## WORK INSTRUCTIONS:
Word for word, restate every record.

[Opening MATERIAL FOR THE TASK section]

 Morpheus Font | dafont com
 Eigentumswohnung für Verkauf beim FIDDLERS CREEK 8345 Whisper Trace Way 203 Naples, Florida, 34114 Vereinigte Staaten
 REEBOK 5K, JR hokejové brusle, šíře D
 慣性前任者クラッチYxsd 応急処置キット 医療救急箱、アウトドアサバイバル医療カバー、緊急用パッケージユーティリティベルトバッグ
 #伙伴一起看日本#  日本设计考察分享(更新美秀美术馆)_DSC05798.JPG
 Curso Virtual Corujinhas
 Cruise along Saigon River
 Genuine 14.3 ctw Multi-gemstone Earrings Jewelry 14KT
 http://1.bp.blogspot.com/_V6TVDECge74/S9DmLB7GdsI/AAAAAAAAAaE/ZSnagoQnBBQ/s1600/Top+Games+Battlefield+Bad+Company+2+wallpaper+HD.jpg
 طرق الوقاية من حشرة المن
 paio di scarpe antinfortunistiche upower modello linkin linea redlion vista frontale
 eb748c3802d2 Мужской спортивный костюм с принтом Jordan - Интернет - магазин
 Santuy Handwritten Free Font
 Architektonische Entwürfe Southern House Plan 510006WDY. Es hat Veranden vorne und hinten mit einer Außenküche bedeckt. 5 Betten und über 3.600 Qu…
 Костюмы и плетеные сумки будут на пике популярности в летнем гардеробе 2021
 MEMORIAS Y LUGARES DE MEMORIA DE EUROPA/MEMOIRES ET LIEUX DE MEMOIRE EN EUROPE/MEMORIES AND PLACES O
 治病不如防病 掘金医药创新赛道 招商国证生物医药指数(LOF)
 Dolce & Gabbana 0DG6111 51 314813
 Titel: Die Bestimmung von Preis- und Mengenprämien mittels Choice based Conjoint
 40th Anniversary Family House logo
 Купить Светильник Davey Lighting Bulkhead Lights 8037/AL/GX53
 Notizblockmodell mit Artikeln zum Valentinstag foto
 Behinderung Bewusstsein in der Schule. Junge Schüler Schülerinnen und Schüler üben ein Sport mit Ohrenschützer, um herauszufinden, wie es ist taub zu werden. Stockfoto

[Closing MATERIAL FOR THE TASK section]

## ANSWER BOX:
 Morpheus Font | dafont com
 Eigentumswohnung für Verkauf beim FIDDLERS CREEK 8345 Whisper Trace Way 203 Naples, Florida, 34114 Vereinigte Staaten
 REEBOK 5K, JR hokejové brusle, šíře D
 慣性前任者クラッチYxsd 応急処置キット 医療救急箱、アウトドアサバイバル医療カバー、緊急用パッケージユーティリティベルトバッグ
 #伙伴一起看日本#  日本设计考察分享(更新美秀美术馆)_DSC05798.JPG
 Curso Virtual Corujinhas
 Cruise along Saigon River
 Genuine 14.3 ctw Multi-gemstone Earrings Jewelry 14KT
 http://1.bp.blogspot.com/_V6TVDECge74/S9DmLB7GdsI/AAAAAAAAAaE/ZSnagoQnBBQ/s1600/Top+Games+Battlefield+Bad+Company+2+wallpaper+HD.jpg
 طرق الوقاية من حشرة المن
 paio di scarpe antinfortunistiche upower modello linkin linea redlion vista frontale
 eb748c3802d2 Мужской спортивный костюм с принтом Jordan - Интернет - магазин
 Santuy Handwritten Free Font
 Architektonische Entwürfe Southern House Plan 510006WDY. Es hat Veranden vorne und hinten mit einer Außenküche bedeckt. 5 Betten und über 3.600 Qu…
 Костюмы и плетеные сумки будут на пике популярности в летнем гардеробе 2021
 MEMORIAS Y LUGARES DE MEMORIA DE EUROPA/MEMOIRES ET LIEUX DE MEMOIRE EN EUROPE/MEMORIES AND PLACES O
 治病不如防病 掘金医药创新赛道 招商国证生物医药指数(LOF)
 Dolce & Gabbana 0DG6111 51 314813
 Titel: Die Bestimmung von Preis- und Mengenprämien mittels Choice based Conjoint
 40th Anniversary Family House logo
 Купить Светильник Davey Lighting Bulkhead Lights 8037/AL/GX53
 Notizblockmodell mit Artikeln zum Valentinstag foto
 Behinderung Bewusstsein in der Schule. Junge Schüler Schülerinnen und Schüler üben ein Sport mit Ohrenschützer, um herauszufinden, wie es ist taub zu werden. Stockfoto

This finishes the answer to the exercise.